Кристиан начал было подниматься на ноги, когда она вернулась с ведром, но едва он сделал движение, она знаком приказала ему оставаться на месте. Поставив ведро рядом с ним, она окунула в воду чистый кусок ткани и осторожно стала прикладывать влажную ткань к запекшейся вокруг раны крови, снимая размокшую корку слоями.
– Есть что-нибудь, чего ты не умеешь делать?
Она посмотрела на него. Ярость исчезла из ее глаз, и на ее месте он увидел изумление.
– Очень многих вещей.
– Похоже, что ты мастерски владеешь всем, за что берешься.
– Уверяю тебя, что это заблуждение. – Губы ее сложились в усталую улыбку.
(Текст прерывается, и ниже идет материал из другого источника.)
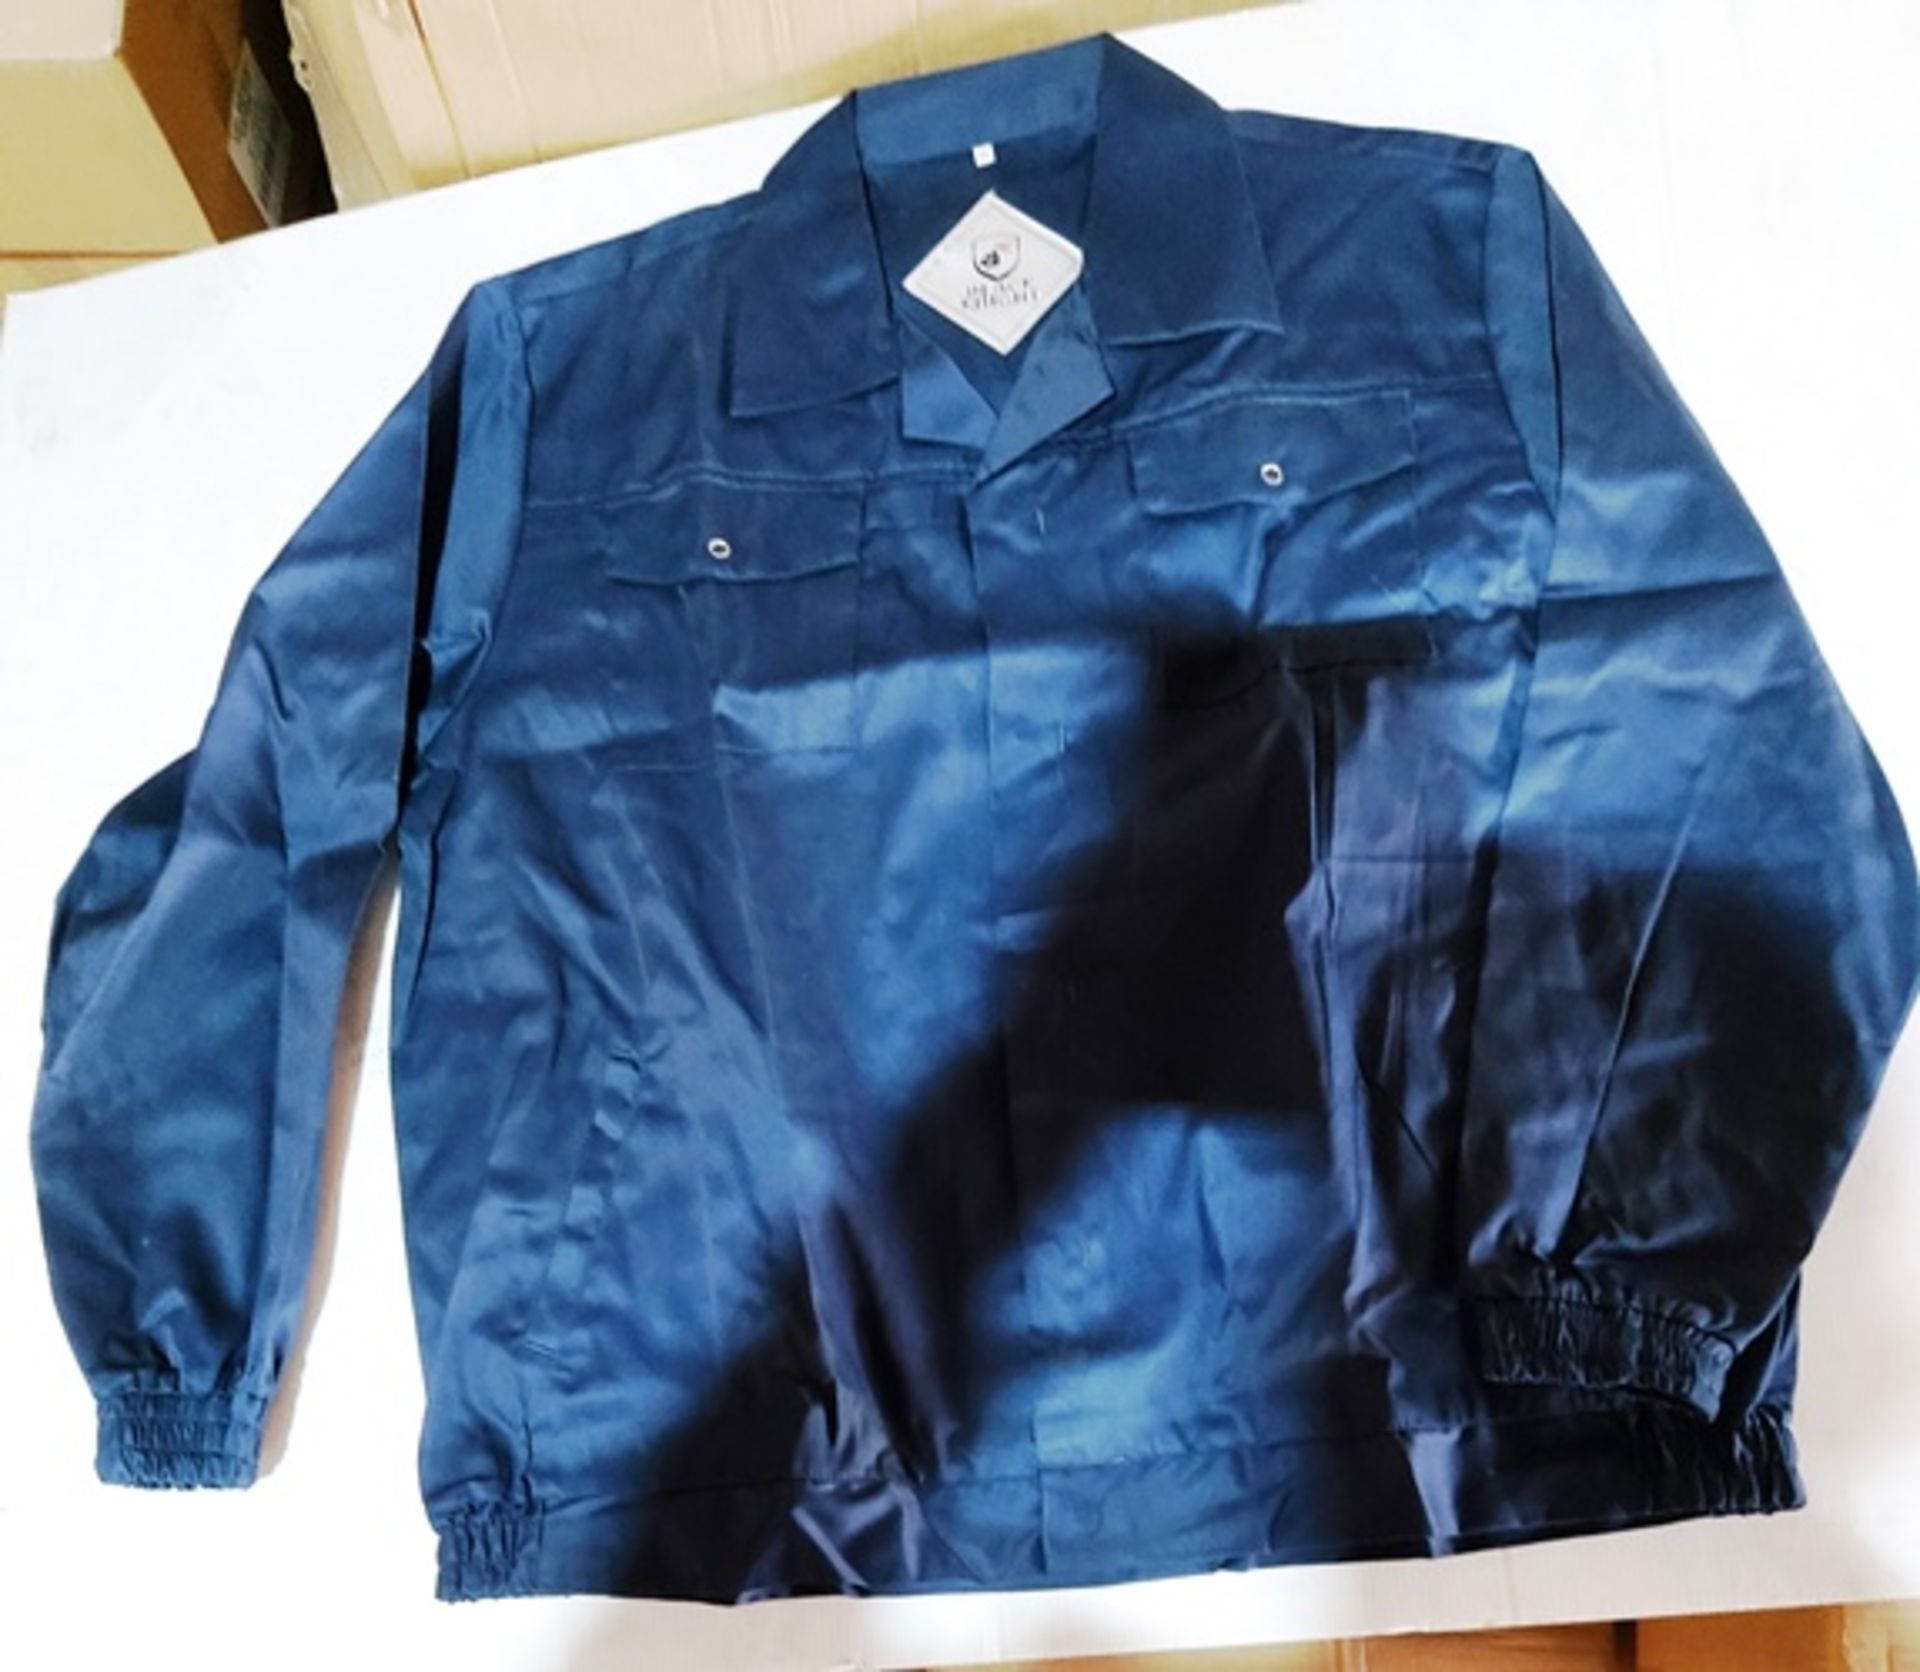 Appx 10 x Black Knight workwear jacket in navy size XXL new in original packaging

Внезапно он почувствовал, что хочет лишь одного – привлечь ее к себе и закончить то, что было начато две недели назад, когда он пытался доказать ей, что она подвержена желаниям так же, как и он. В свете очага ее волосы блестели, как чистое золото, и, когда она наклонялась, чтобы обработать и перевязать рану, скользили по его щеке. Каждый всплеск огня отражался на ее лице, подчеркивая то нежные очертания щеки, то решительный наклон подбородка. Она держала его руку на своем колене, и стоило ему только нажать всеми пятью пальцами на ее ногу, как она опрокинулась бы на пол.